30 Ekim 2022 Pazar

Çevresel Ayak İzi

Yeryüzünün sınırları ve bu sınırların belki de en önemlisi olan iklimi ve neden bu sınırların içinde kalmamız gerektiğini artık anladık sanıyorum. Eğer bu sınırların içinde kalacak olursak doğa bizim aptallıklarımızı affedebiliyor ama bu sınırların ötesine geçecek olursak doğanın affediciliği gittikçe azalıyor ve hatalarımızın bedelini hızla ödemeye başlıyoruz.

Burada hassas bireyin sorması gereken en önemli soru “ben yarattığım hasarı nasıl bileceğim?” olmalıdır.
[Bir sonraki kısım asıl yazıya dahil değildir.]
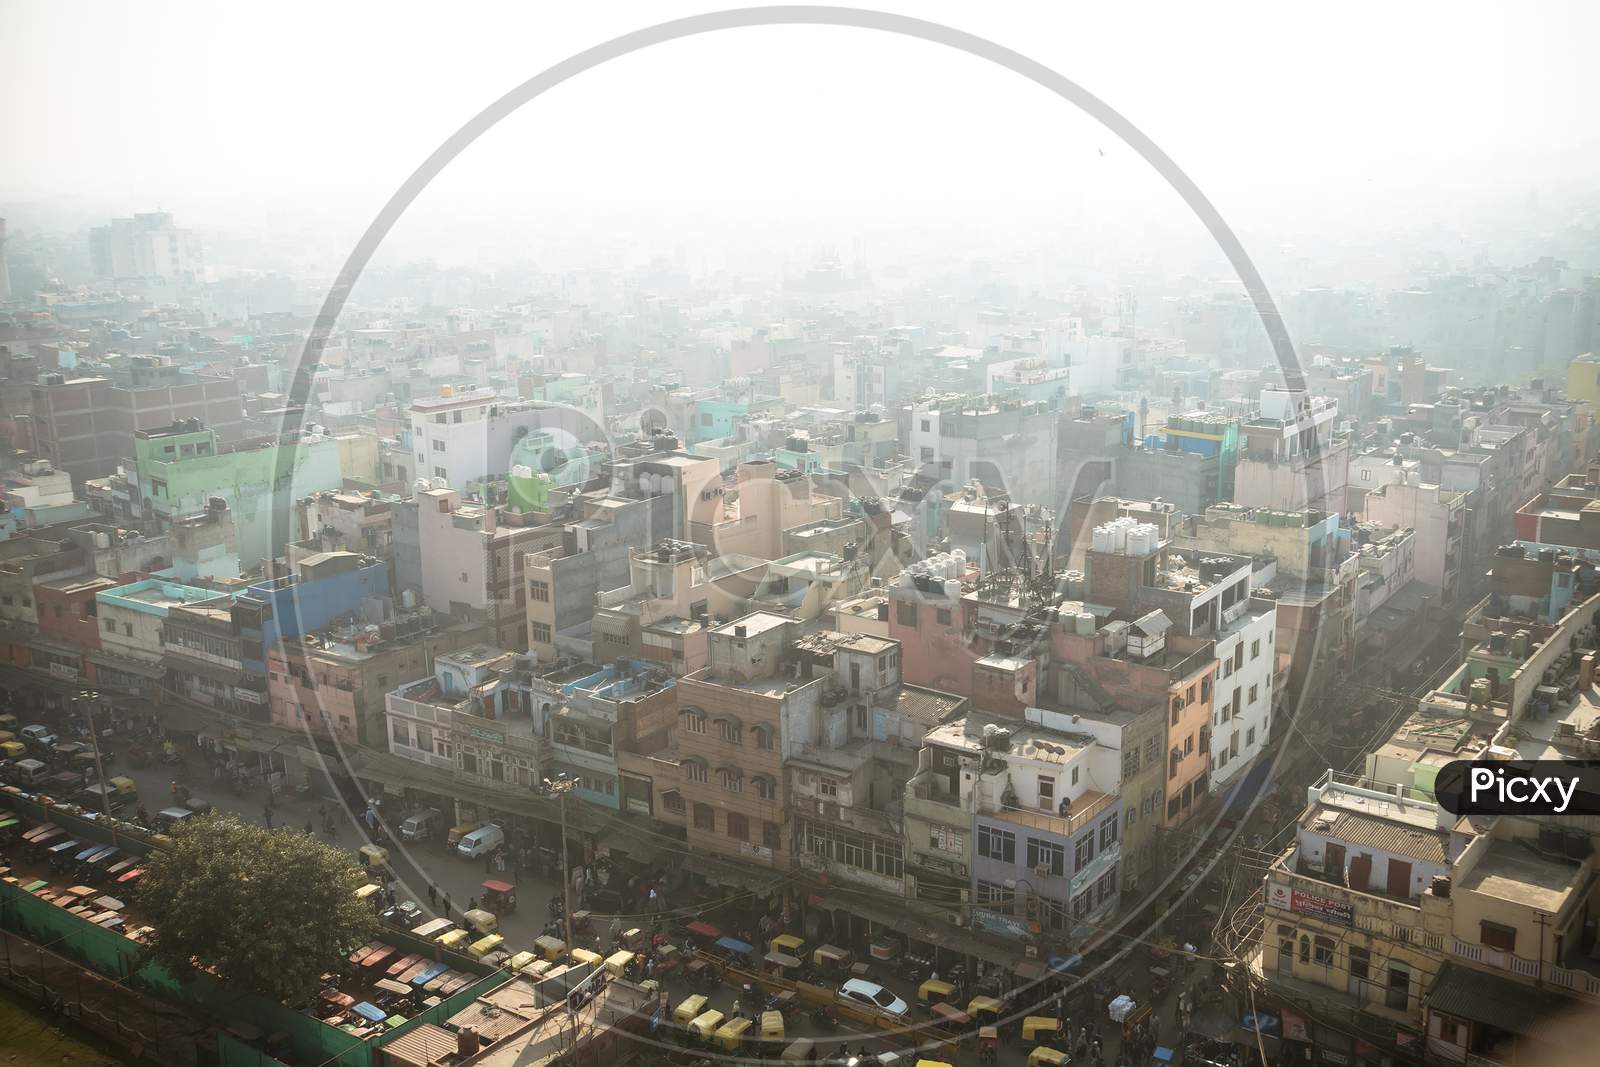 Top View Of The City Street In The Poor Quarter Of New Delhi.

Bunun da ötesinde hasarın başlıca kısmı bireylerin tüketimi sırasında değil tüketilen ürünlerin üretimi sırasında oluşuyor. Biz taşıt kullanırken yaktığımız benzinin az ya da çok farkına varabiliyoruz, oysa bindiğimiz aracın üretimi sırasında doğanın sınırlarına ne derece zarar verdiğimiz konusunda bilgimiz neredeyse hiç yok. Sadece bu etkinin oldukça fazla olduğunu biliyoruz ama elimizde kıyaslamak için bir cetvel olmadığı zaman bilgimiz ve buna bağlı olarak harekete geçme isteğimiz de kısıtlanıyor.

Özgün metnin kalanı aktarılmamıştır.